I. Buttercup and her family
Buttercup developed beautifully after birth, there was nothing to indicate that she was not healthy.
At the age of 7 months, she had a febrile seizure and was admitted to the Children's Clinic. She was diagnosed with epilepsy. The tests began. Boglárka was one and a half years old when a genetic test diagnosed her with Wolf Hirshorn syndrome.
Wolf-Hirschhorn syndrome (WHS, 4p-) is a genetic disorder caused by a gene defect on the short arm of chromosome 4 or a translocation from it to another chromosome.
B. Abel and his family
Ábel has recently been diagnosed with Duchenne muscular dystrophy. This is a severe, rare genetic disease that causes gradual muscle weakness, followed by complete muscle atrophy, eventually leading to total muscle wasting. There is a special gene therapy abroad that could stop this process, but it costs up to 1.3 billion forints.
Noémi M. and her family
Noémi is a special 3-year-old girl whose start in life has not been easy. She is the second child in the family, alongside a healthy 14-year-old brother. Noémi suffered a severe stroke at birth which left her with permanent damage, including brain atrophy. The brain injury also caused her to suffer from epileptic seizures, which she is trying to control with medication.
F. Döme and his family
Döme is a 2-year-old boy born from a compromised pregnancy at 28 weeks, by emergency caesarean section. He was born at just 990 grams and 38 cm. He was oxygen deprived as a foetus and was on a ventilator for some time after birth. He required oxygen until 10 weeks of age due to mild bronchopulmonary dysplasia (BPD). A cranial ultrasound revealed that he had suffered a grade II and III stroke and required ventilation again at two weeks of age due to enterococcal sepsis.
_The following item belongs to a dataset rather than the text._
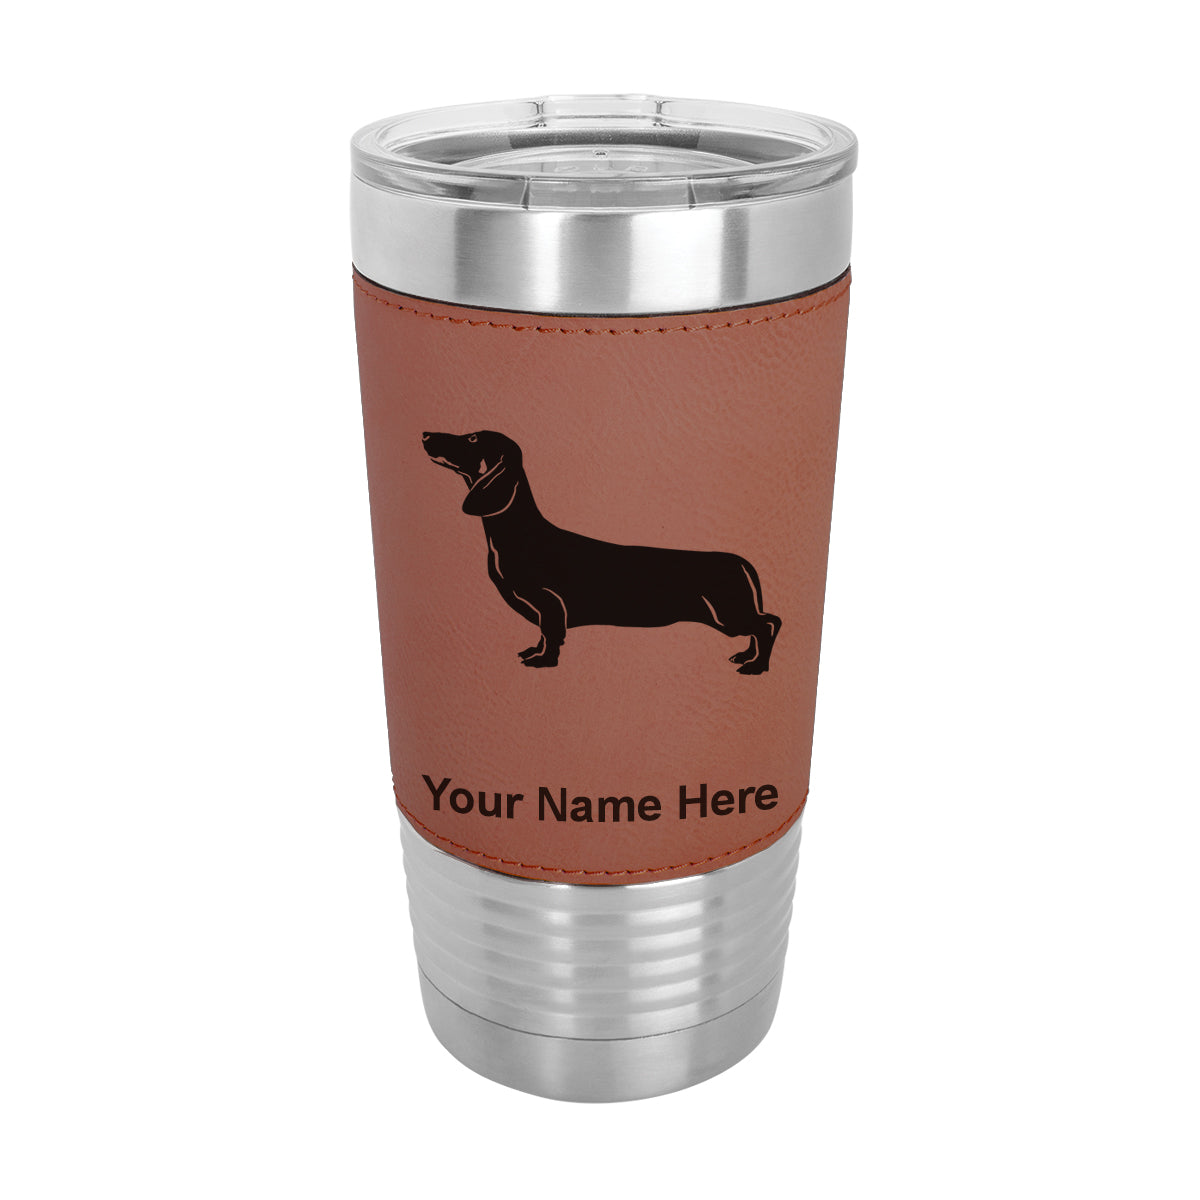 20oz Faux Leather Tumbler Mug, Dachshund Dog, Personalized Engraving Included - LaserGram Custom Engraved Gifts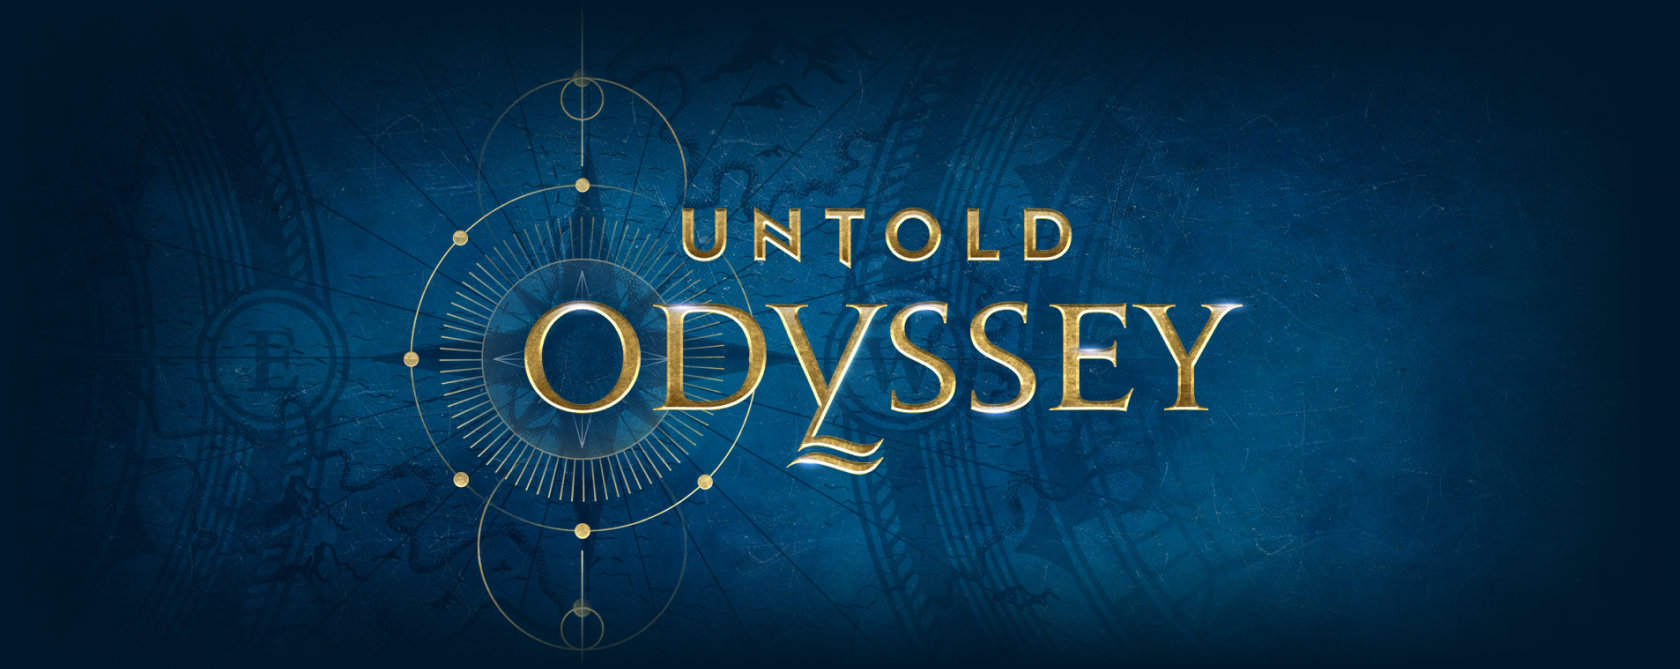 Untold Odyssey, croaziere.co

P. Petra, Tamás and family
The Pihokker family is raising two children with long-term illnesses and special educational needs. The family's daily life is characterised by the organisation, provision and financing of ongoing development and therapies.
Their youngest child, Tamás, now 2.5 years old, was born at 35 weeks with an Apgar score of 6/8 due to a CTG anomaly. He spent the first weeks of his life in the NIC/PIC ward. His motor development lagged behind his peers at an early age and he was diagnosed with generalised hypotonia. In November 2024, genetic testing confirmed that Thomas was affected by the infantile onset form of Charcot-Marie-Tooth (CMT 3) disease, which underlies his movement problems. He is now able to sit steadily, crawl regularly, cling to furniture, stand upright, and with the help of a rolling walker and AFO, he is becoming more adept at walking as he develops - but he cannot yet walk independently.
Peter L. and his family
Peti has recently been diagnosed with Duchenne muscular dystrophy. This is a serious, rare disease that causes gradual muscle weakness, followed by muscle atrophy, eventually leading to complete muscle breakdown. A special gene therapy could be available abroad that could stop this process, but it would cost around 1.3 billion forints.
U. Alex and his family
Alex will be one year old in October. The investigation was triggered by a prolonged jaundice that has not gone away even after two months of age. Blood tests showed abnormally high liver function values. The local paediatrician was thorough and sent Alex for further tests at the hepatology department. There, his CK levels were measured twice - both times they were found to be extremely high: first 19,000 and then 11,000.
Csaba Sz. and his family
márciusában kezdődött a történetük egy hasfájással, ami miatt bevitték a kisfiukat a nyíregyházi kórházba. Innen már mentővel tovább is szállították Debrecenbe, ahol a vizsgálatok során kiderült, hogy a kisfiú bal oldali veséjében daganat van, amely a mellkasban és a hasban is több helyen megtalálható.
VIII. Signing ceremony
L. Liliána and her family
Liliána was born with cleft lip and cleft palate on 06.09.2018, as the youngest child. She has a chromosomal abnormality, Dandy Walker syndrome. She wears hearing aids and glasses due to bilateral sensorineural hearing loss. He cannot walk, but can sit independently and can even get around sitting up. He loves to explore the world around him, to discover wonders. He can pull himself up and climb on the sofa by himself. This is also due to the fact that he attends cognitive and movement development sessions several times a week.